The Wilkens own and operate their multi-generational family farm in Illinois using the latest technology to raise hybrid and heritage food-grade grains. They serve large and small food companies, as well as many brewers and distillers, with their certified organic corn, soybeans, wheat, rye, oats, buckwheat and other grains.

Harold says he recognized the need in 2013 to start a business in that sold to consumers in the area while loading chicken feed made with homegrown grain that was bound for New York.

“As that truck pulled out of my yard, I thought this is really stupid, because there’s 10 million people in the food shed in Chicago,” said Wilken.

With this being the fifth-year milling and selling the flour to wholesalers and online customers, Wilken said, “we look at our customers as our partners.”

Wilken credits the organic conference experience in 2003 when he and his son, Ross, took a class on transitioning to organic.

“I came home from there with the confidence to go ahead, and do 100% of our farm organically. We've grown from there,” said Wilken.

While the annual conference recently celebrated the 34 annual conference in La Crosse, Wisconsin, it recently changed the name of MOSES (Midwest Organic and Sustainable Education Services) to Marbleseed as a metaphor for all of the things the group wanted to be, said Executive Director Lori Stern.

“Part of what started to happen over time is confusion,” said Stern. “We’re finding, like in many sectors of the population aging, there are lots of farmers that are getting older.”

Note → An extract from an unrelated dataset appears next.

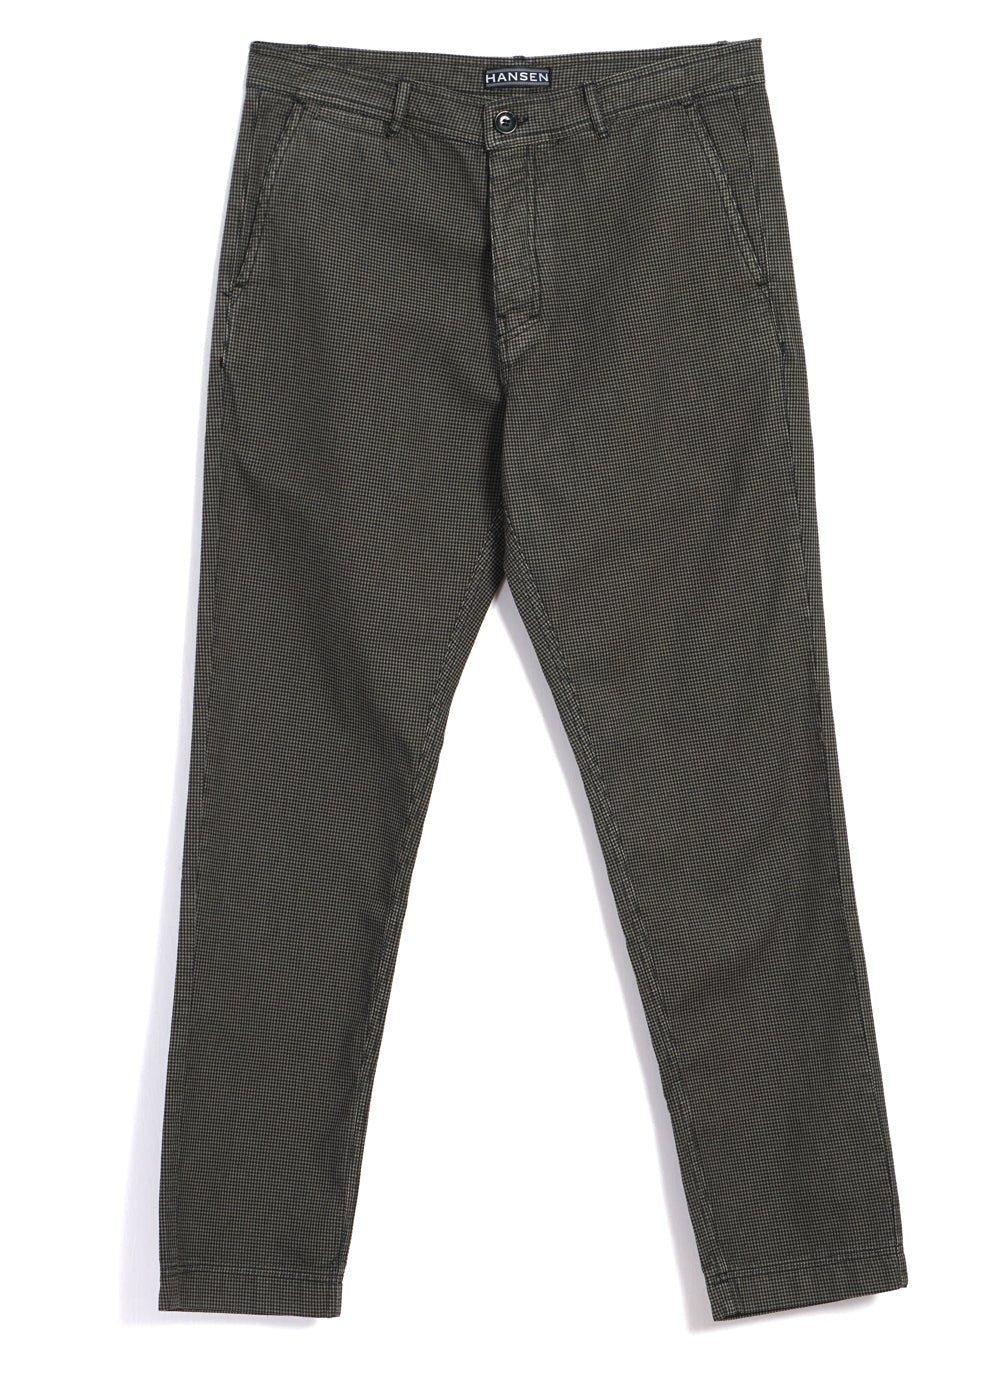 HANSEN GARMENTS - FRED | Regular Cut Work Trousers | Black Sand - HANSEN Garments

Therefore, Stern said as the farmers who were once part of the beginning label discussions in 1990 transitioned their land, we found the new farmers were not as familiar with the organizations and services offered related to organic agriculture.

“I was having to do the whole acronym, which nobody really remembered,” she said.

With an organization that was founded by farmers who were interested in educating themselves about engaging with the label to become certified organic, it was a time for a change, said Stern.

The mission has not changed, Stern said, adding that, "Marbleseed is indigenous to the Midwest prairie plant, with a deep taproot and is used for restoration.”

“So much resonated with the work that we do and we wanted to bring the community together to see the many programs and activities that’s offered beyond the conference," she said, noting that the conference attracted nearly 2,000 attendees and over 160 exhibitors for a trade show.

All in all, the conference brought together many, a goal of the conference.

“It’s like any other (conference) where you come to a place, and there’s so many people and you really recognize that you’re part of something bigger, and that you can connect with all these people that are here,” said Stern.